* Request for inclusion on linux-4.14.y and linux-5.4.y
@ 2020-06-25 22:47 yishache
2020-06-25 22:47 ` [PATCH] xfs: add agf freeblocks verify in xfs_agf_verify yishache
0 siblings, 1 reply; 4+ messages in thread
From: yishache @ 2020-06-25 22:47 UTC (permalink / raw
To: gregkh; +Cc: stable
Hello Greg,
Can you please consider including the following patch in the stable linux-4.14.y branch?
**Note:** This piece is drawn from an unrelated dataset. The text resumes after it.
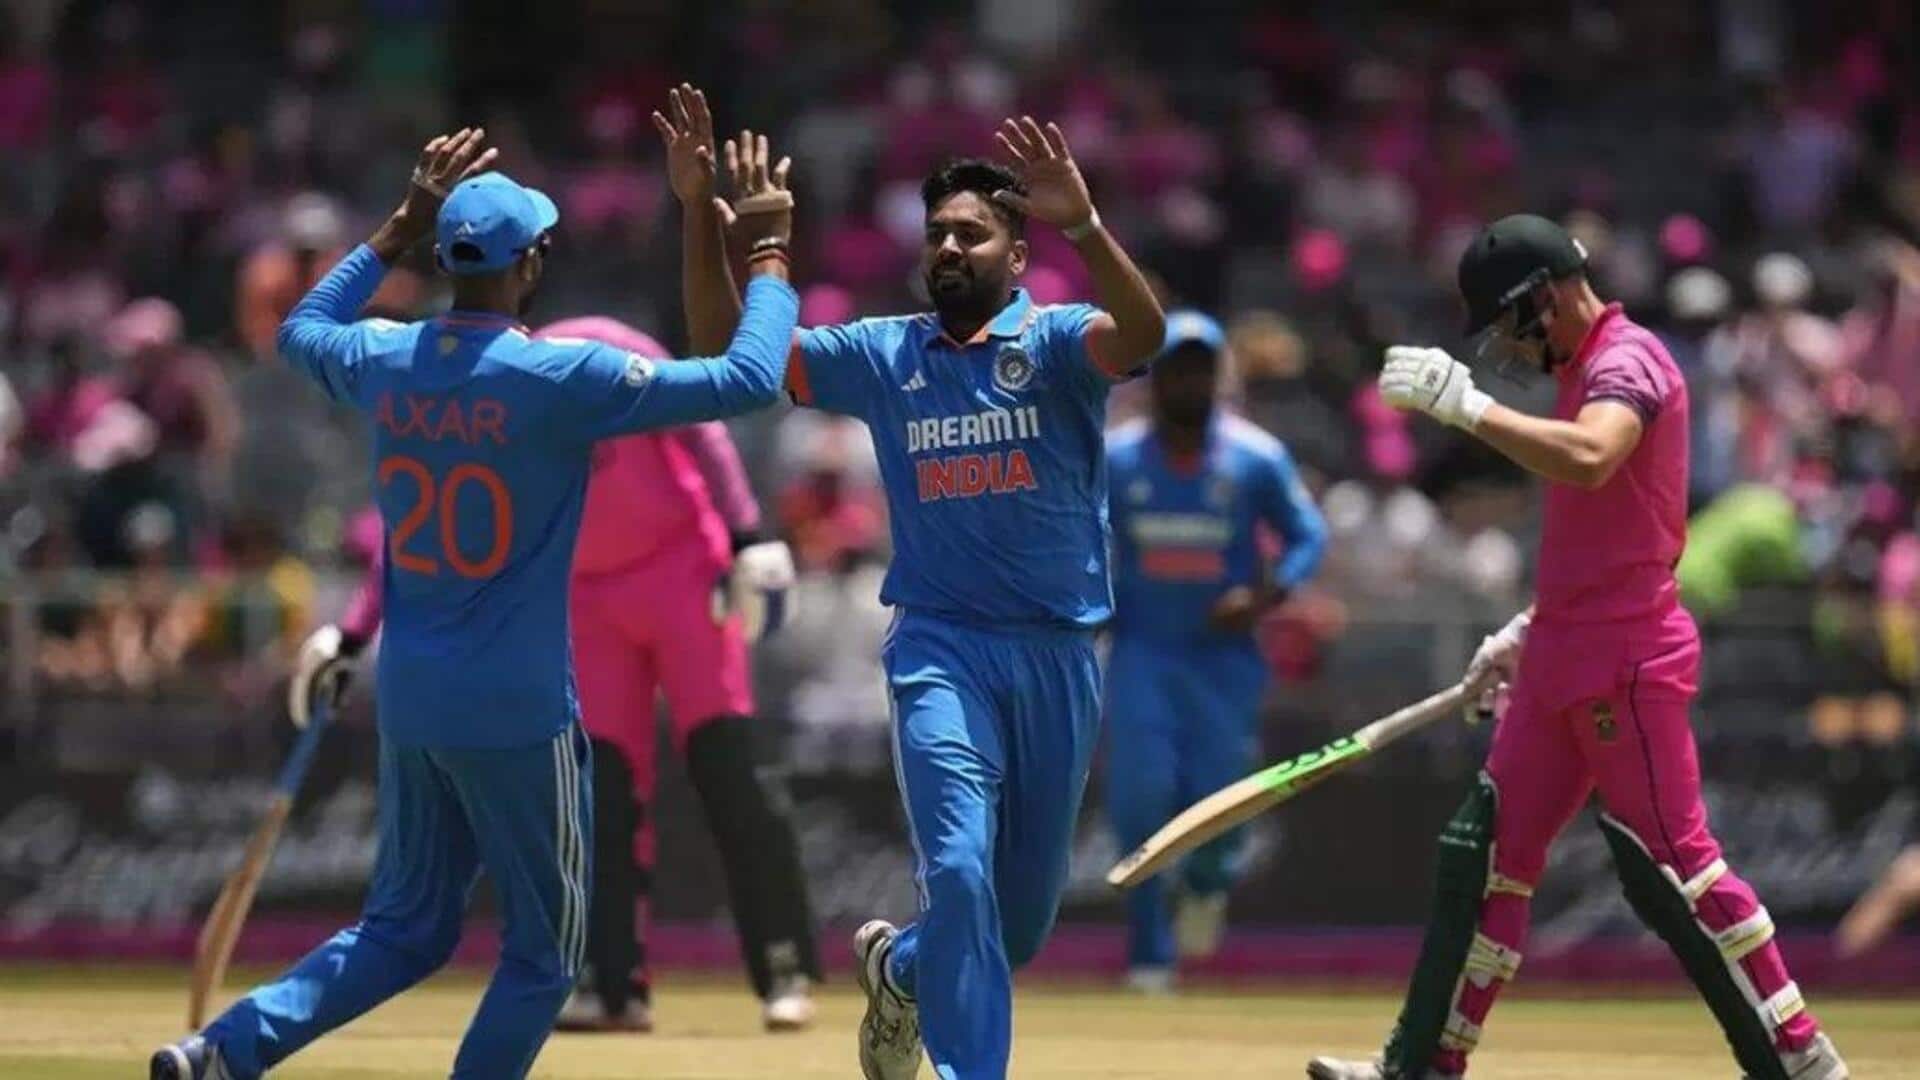 இந்தியா vs தென்னாப்பிரிக்கா 2வது ODI : முன்னோட்டம் மற்றும் புள்ளிவிபரங்கள்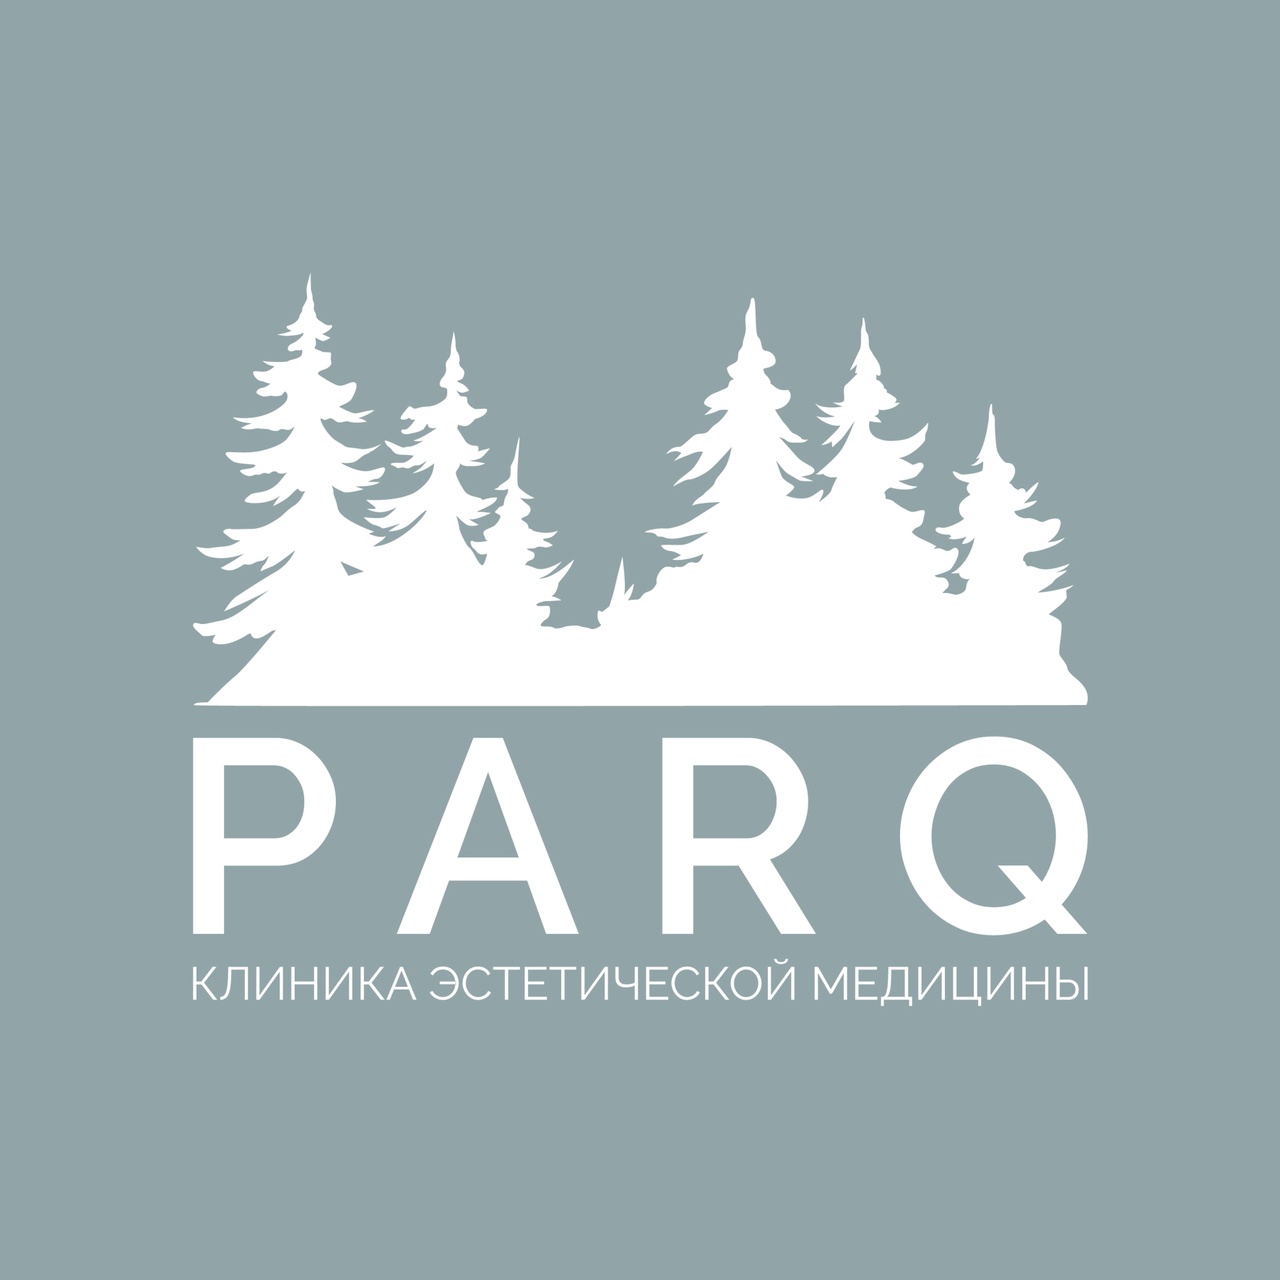 PARQ — Клиника эстетической медицины

This is to fix CVE-2020-12655
d0c7feaf87678371c2c09b3709400be416b2dc62(xfs: add agf freeblocks verify in xfs_agf_verify)
Thanks,
Yishan Chen
^ permalink raw reply [flat|nested] 4+ messages in thread
* [PATCH] xfs: add agf freeblocks verify in xfs_agf_verify
2020-06-25 22:47 Request for inclusion on linux-4.14.y and linux-5.4.y yishache
@ 2020-06-25 22:47 ` yishache
0 siblings, 0 replies; 4+ messages in thread
From: yishache @ 2020-06-25 22:47 UTC (permalink / raw
To: gregkh; +Cc: stable, Zheng Bin, Ren Xudong, Darrick J . Wong
From: Zheng Bin <zhengbin13@huawei.com>
We recently used fuzz(hydra) to test XFS and automatically generate
tmp.img(XFS v5 format, but some metadata is wrong)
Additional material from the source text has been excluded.